#### ASSIGNED TASK
Return every record below exactly as written, but leave out the pictures.
+++ DATA PROVIDED +++
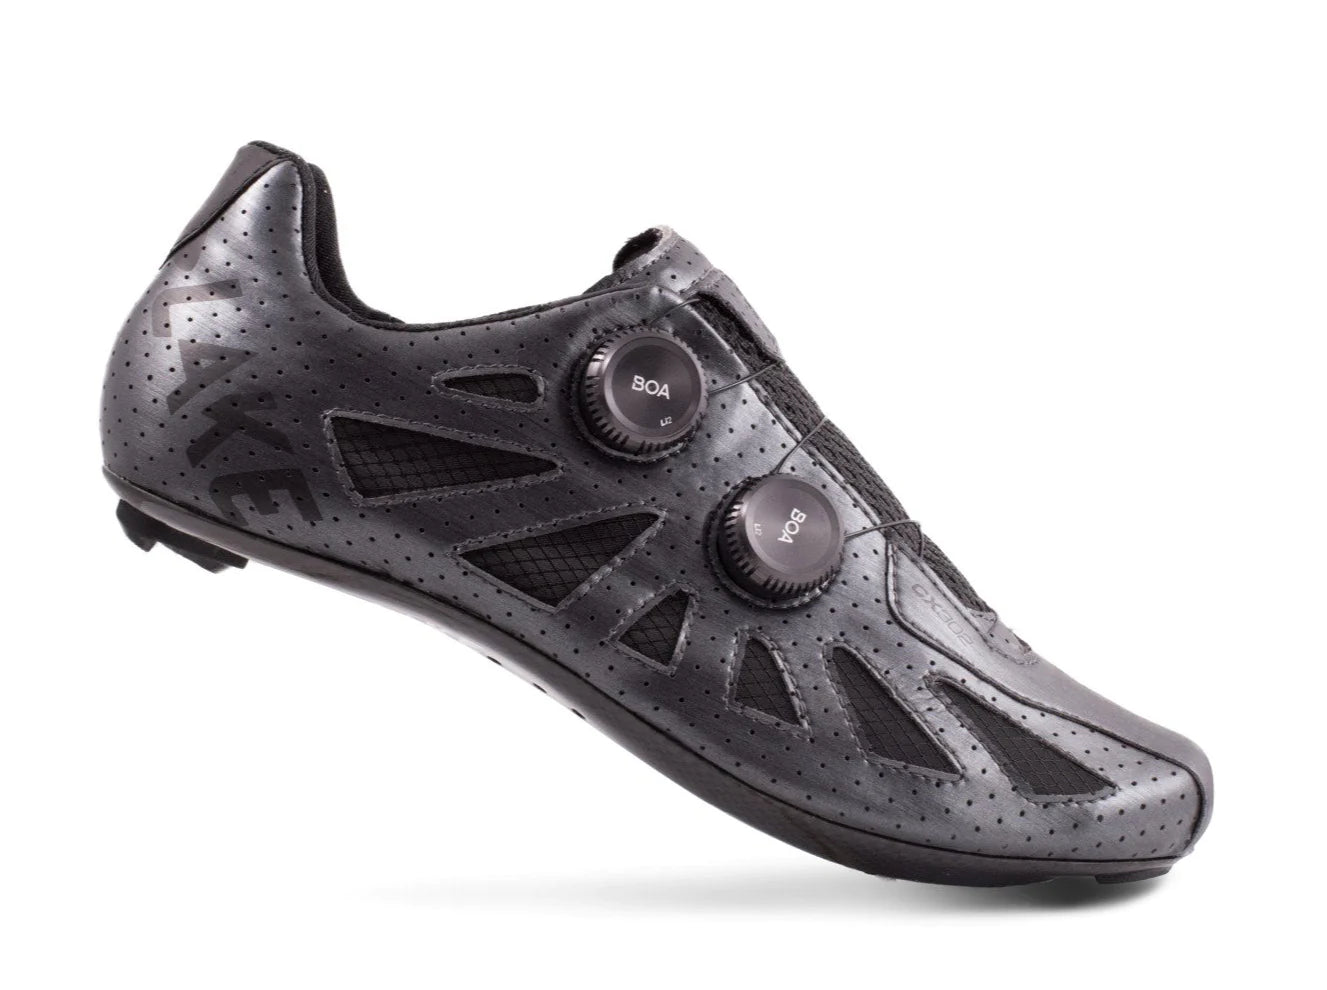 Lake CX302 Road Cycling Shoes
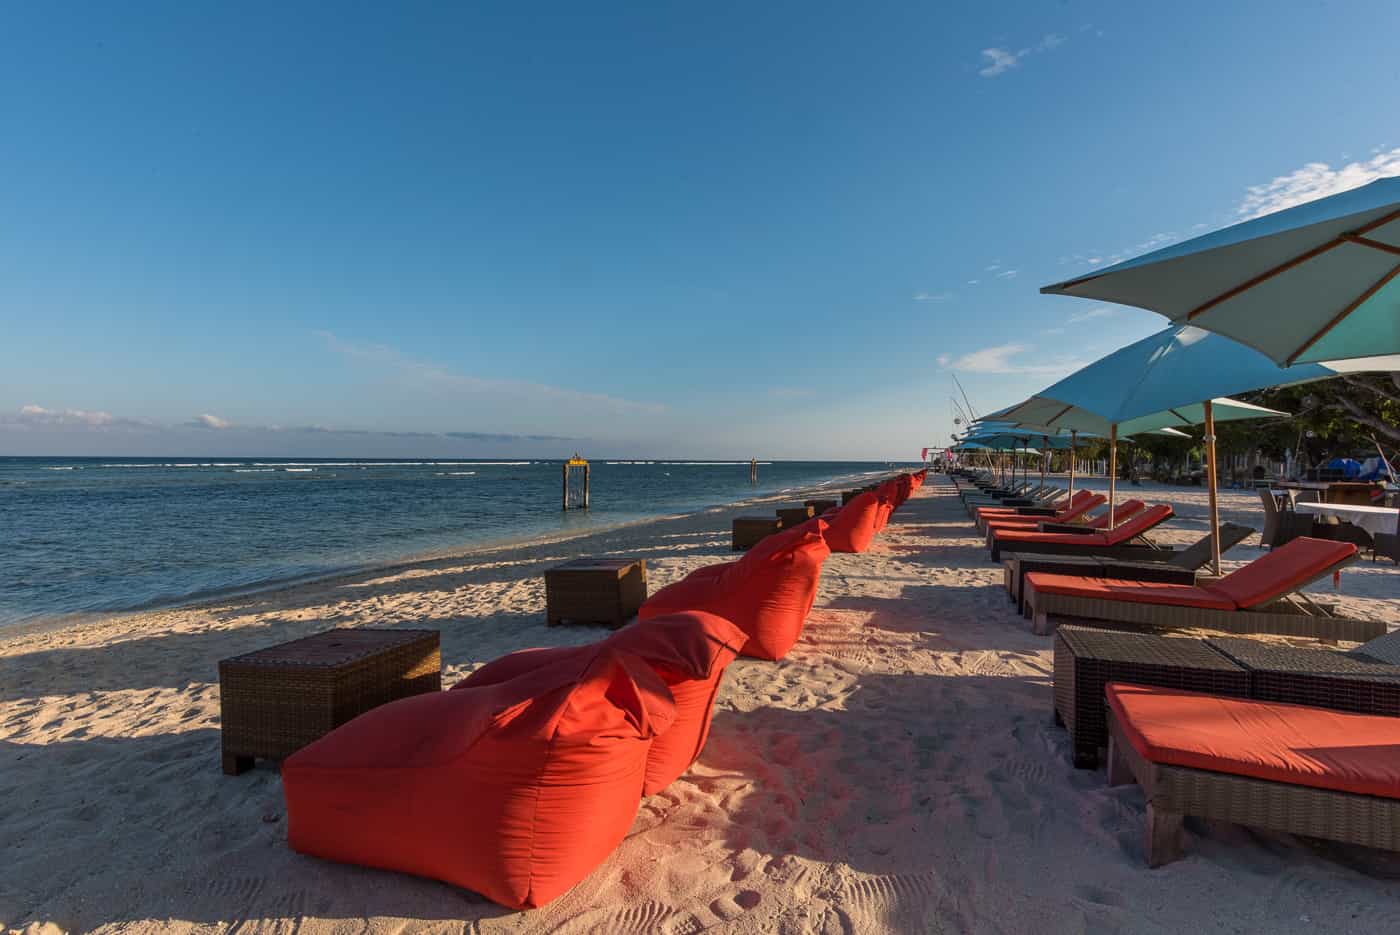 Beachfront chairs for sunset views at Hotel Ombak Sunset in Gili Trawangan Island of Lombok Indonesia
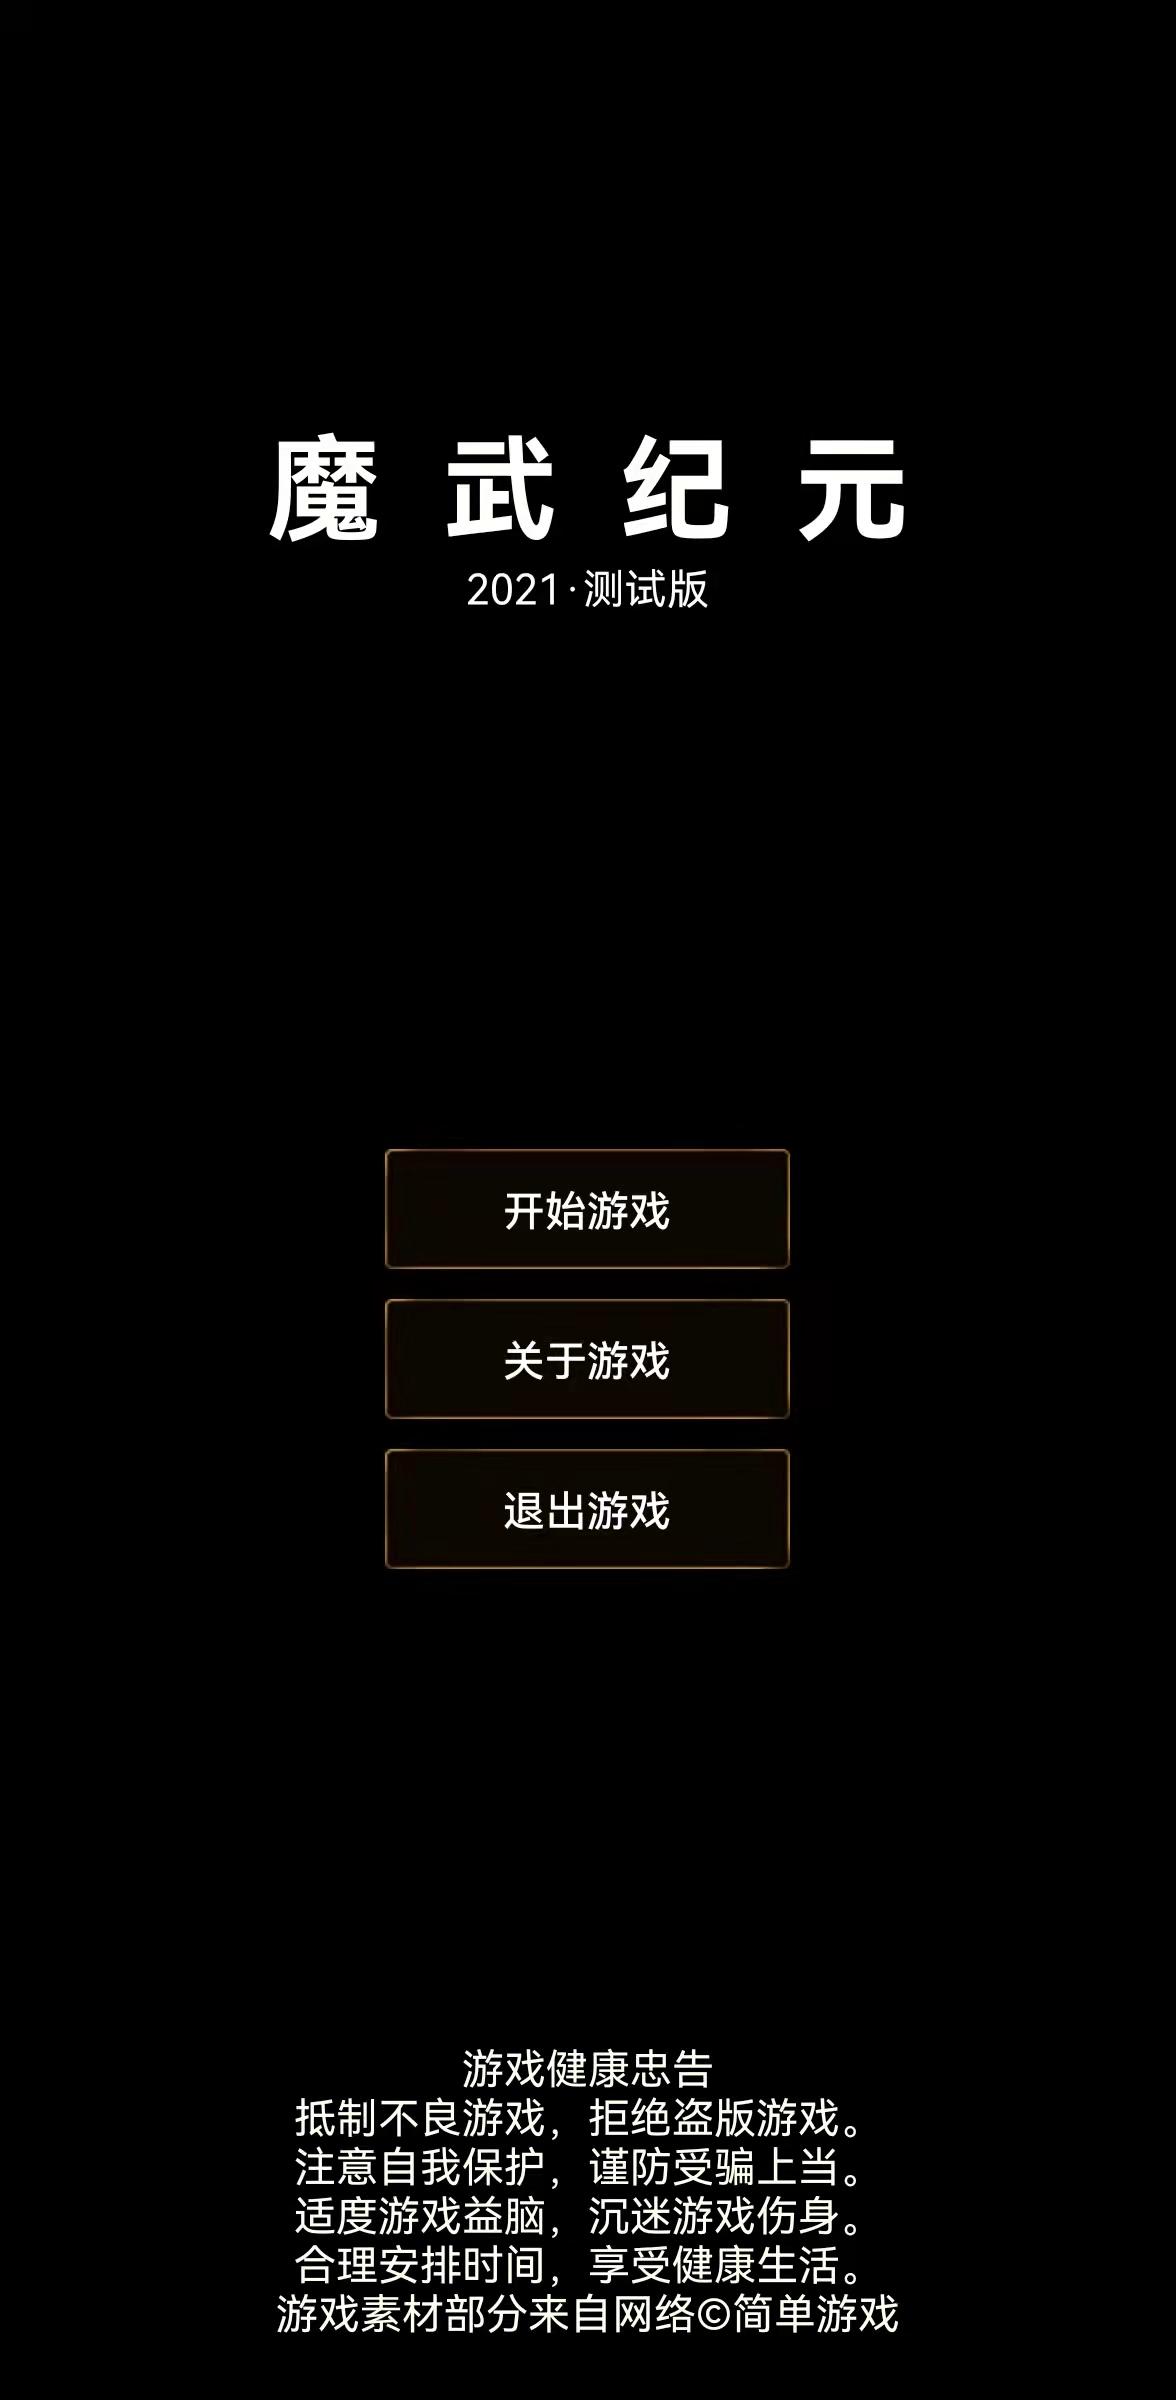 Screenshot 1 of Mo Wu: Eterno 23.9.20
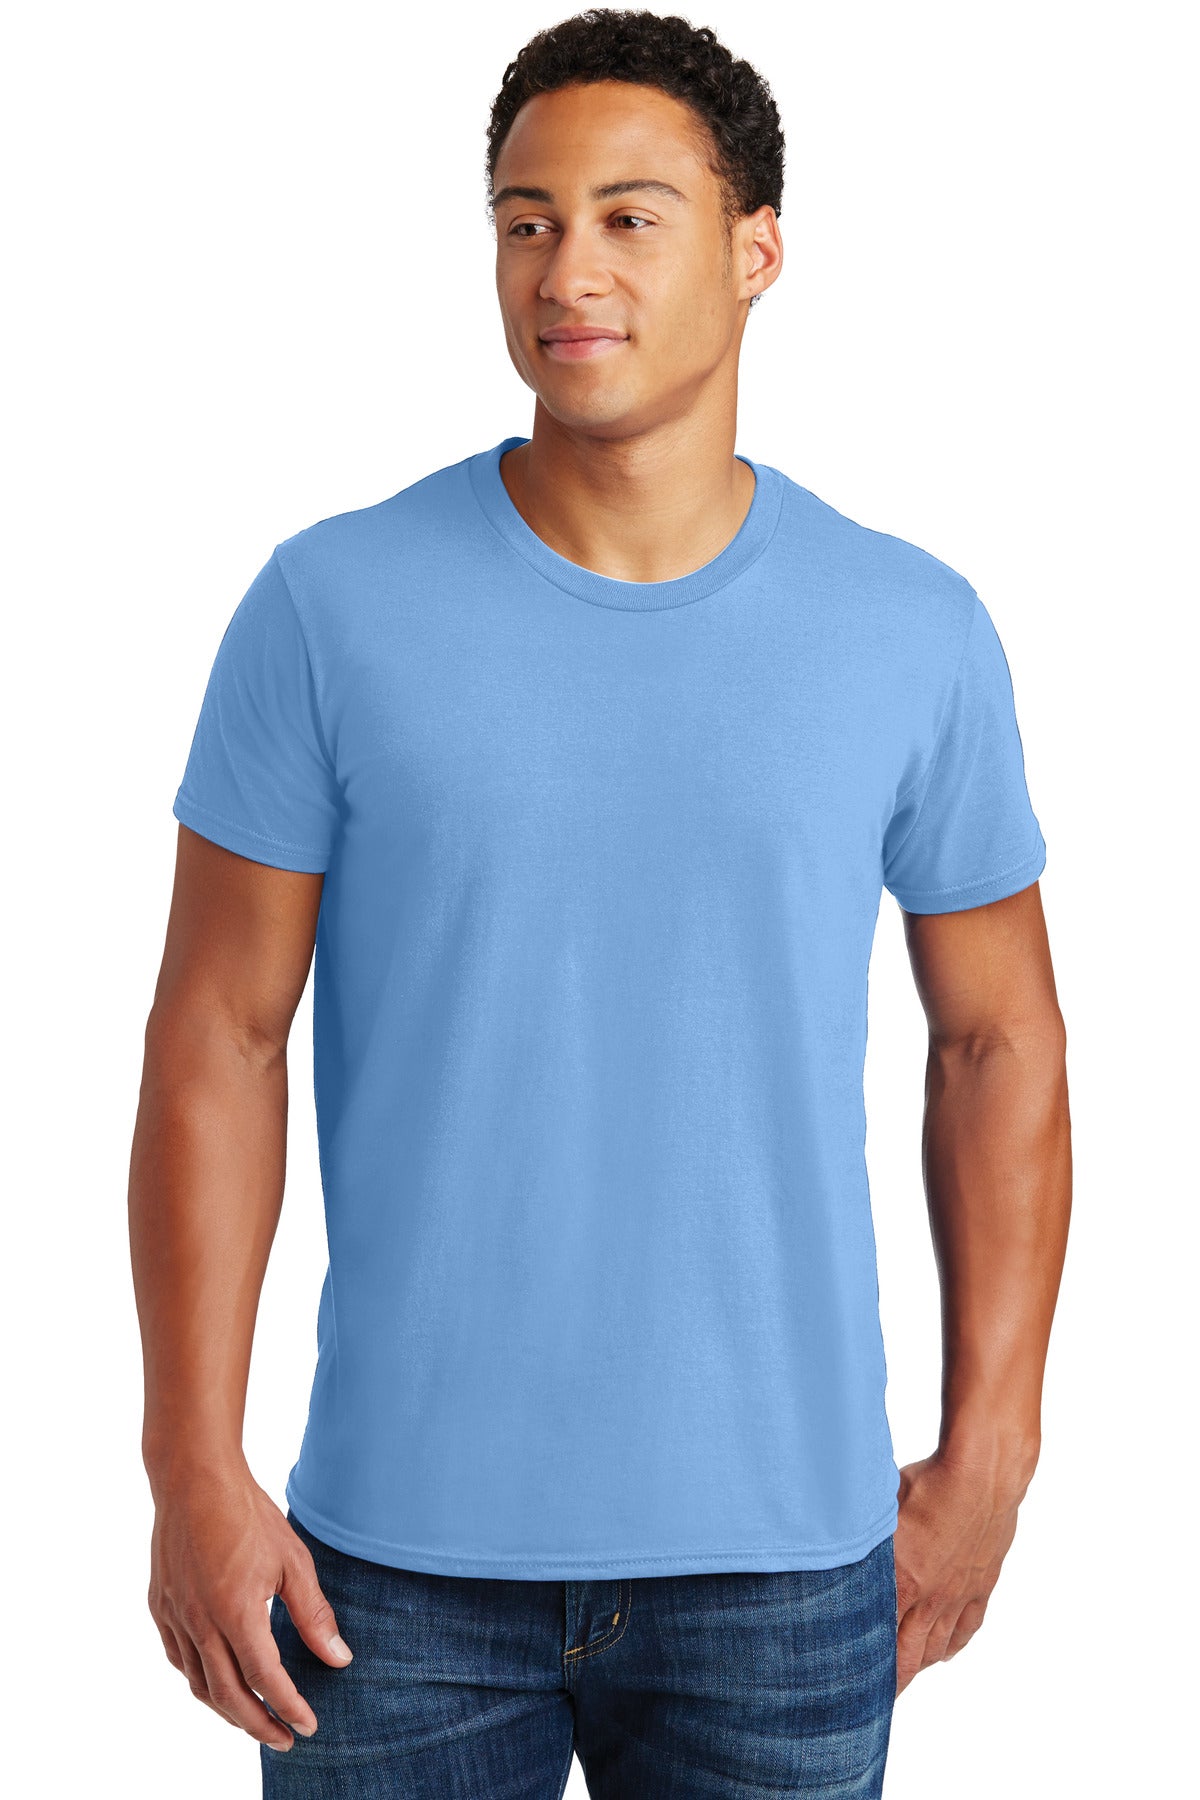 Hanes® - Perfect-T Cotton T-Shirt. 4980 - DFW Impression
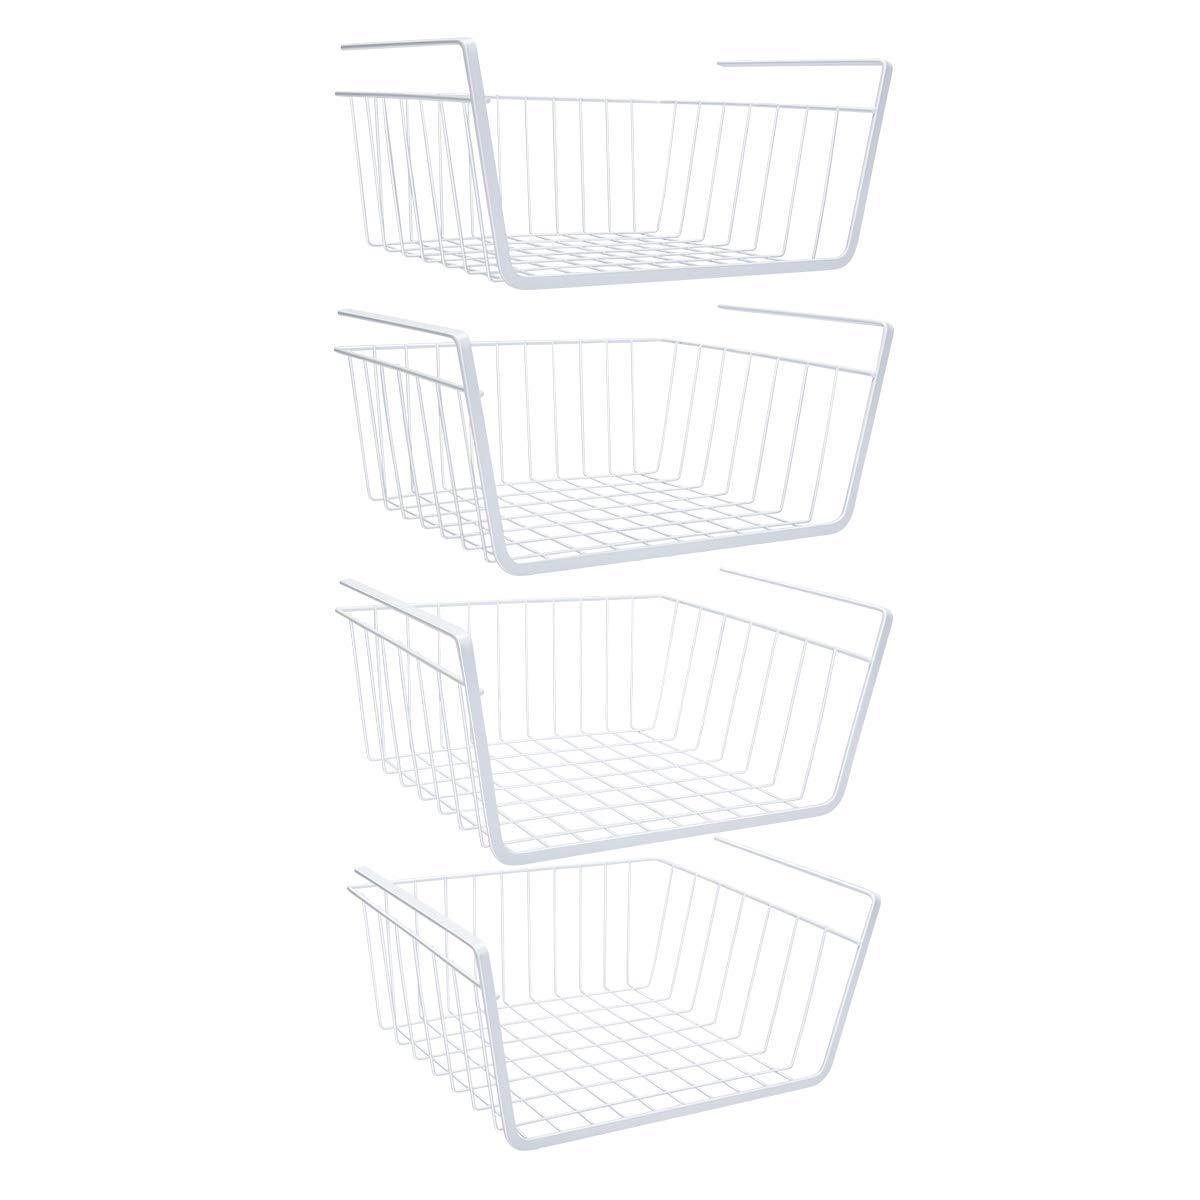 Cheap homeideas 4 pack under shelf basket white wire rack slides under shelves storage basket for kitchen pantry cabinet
+++
#### TASK ANSWER
 Lake CX302 Road Cycling Shoes
 Beachfront chairs for sunset views at Hotel Ombak Sunset in Gili Trawangan Island of Lombok Indonesia
 Screenshot 1 of Mo Wu: Eterno 23.9.20
 Hanes® - Perfect-T Cotton T-Shirt. 4980 - DFW Impression
 Cheap homeideas 4 pack under shelf basket white wire rack slides under shelves storage basket for kitchen pantry cabinet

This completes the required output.